Presidente de Paris 2024, Tony Estanguet elogiou a exposição e a olimpíada cultural, projeto que reúne os cinco maiores museus de Paris, respectivamente o Louvre, Museu D’Orsay, Quai Branly, Centre Pompidou e Museu de l’Orangerie.

"Esse desejo de combinar esporte e cultura existe desde os tempos antigos e foi revivido por Pierre de Coubertin, que também queria incluir eventos artísticos durante os Jogos. E hoje, com essa exposição e esse projeto olímpico cultural, com esses cinco grandes museus em jogo, é exatamente esse estado de espírito que queríamos mostrar durante Paris 2024", elogiou.

Violaine Jeammet, conservadora-geral do departamento de antiguidades gregas do Louvre, e uma das curadoras, conta mais sobre o contexto da exposição.

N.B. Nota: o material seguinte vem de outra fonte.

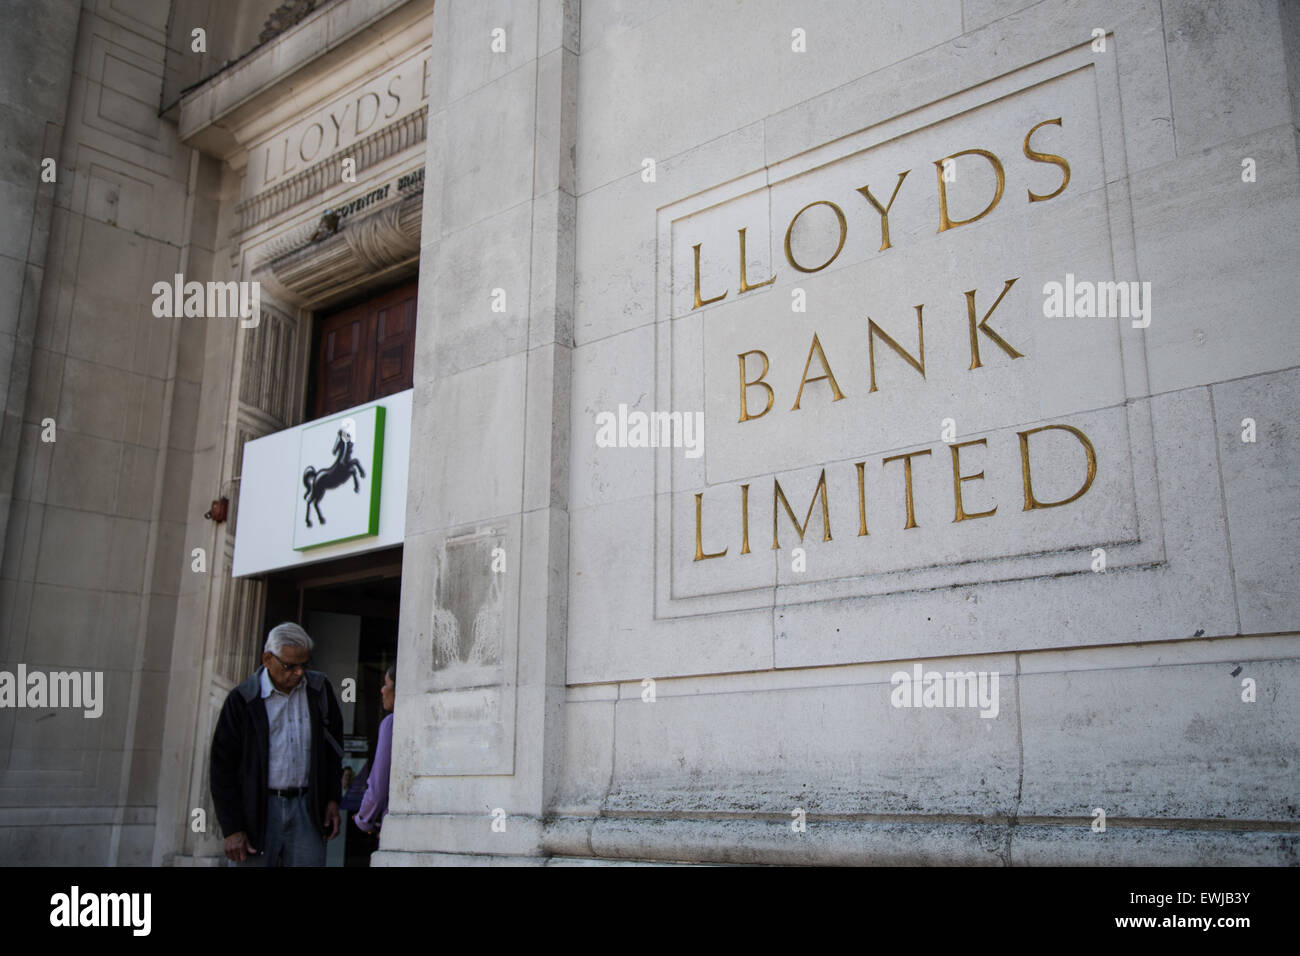 Exterior of Lloyds bank branch in Coventry city centre Stock Photo

"Essa exposição não se trata tanto de competições antigas, mas sim da criação do Olimpismo moderno, com essa iconografia antiga, que foi muito bem utilizada pelo designer Émile Gilliéron para criar uma comunicação extremamente moderna e contundente, usando os meios mais eficazes da época, ou seja, pôsteres, cartões postais e, acima de tudo, selos. Esse foi o início do nascimento da filatelia olímpica. Mas também mostramos a galvanoplastia (processo de recobrimento metálico de objetos), para os troféus dos atletas modernos. As obras do Louvre, recentemente exumadas do solo grego, foram usadas em um contexto histórico, político e artístico no qual a arqueologia, então em plena expansão, e a Grécia desempenharam um papel importante para compor esta exposição", explica.

Olhar crítico

Mas nem só de exaltação de um ideal atlético e espiritual olímpico é feita a exposição Olimpismo, em cartaz no Louvre. Um de seus curadores, Alexandre Farnoux, professor de arqueologia e de arte grega na Sorbonne, deixa clara a visão crítica do museu sobre a mostra.

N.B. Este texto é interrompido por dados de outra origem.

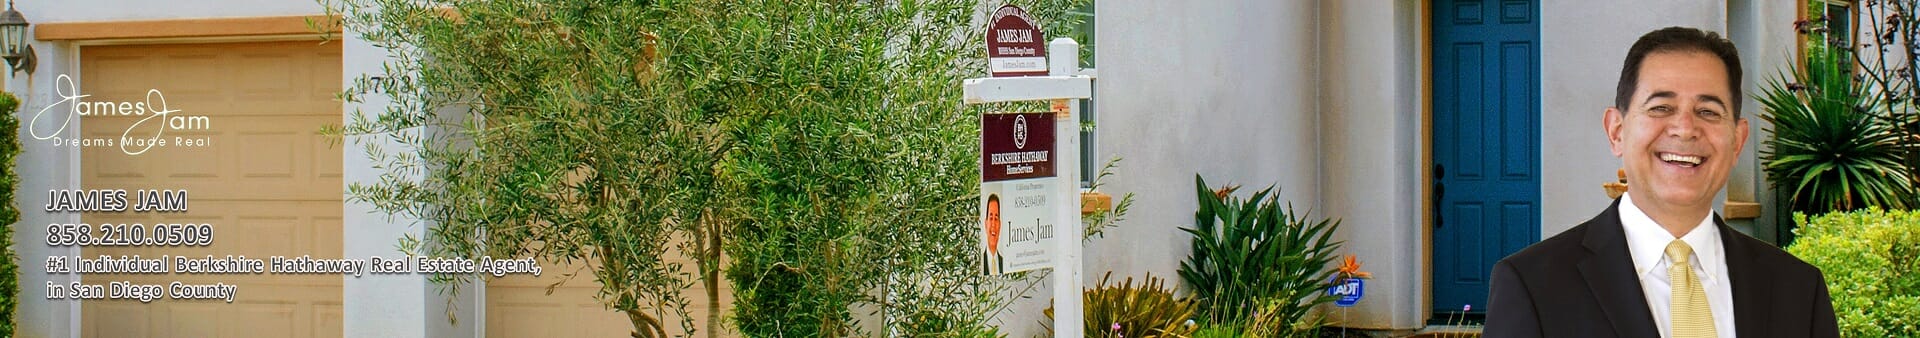 Selling a Home Without an Agent in Carlsbad – Learn How to Sell Fast

"Ao pegar realidades antigas e transformá-las para adaptá-las às necessidades do olimpismo moderno, queremos dar ao público desta mostra os meios para entender como os estereótipos que hoje alimentam o olimpismo contemporâneo foram criados em um certo imaginário, e como esses estereótipos são divertidos de desenhar ao comparar as imagens produzidas com as origens que as inspiraram", diz Farnoux.

"E como, às vezes, eles também são distorções da realidade antiga, e essas distorções não são nada divertidas, porque manifestam modos de exclusão, especialmente sobre a participação feminina nos jogos, ou sobre modos de exploração de uma imagem do corpo masculino branco e saudável, como foi explorado, por exemplo, pelos nazistas nas Olimpíadas de Berlim", relembra.

A exposição Olimpismo fica em cartaz no Museu do Louvre até o dia 16 de setembro.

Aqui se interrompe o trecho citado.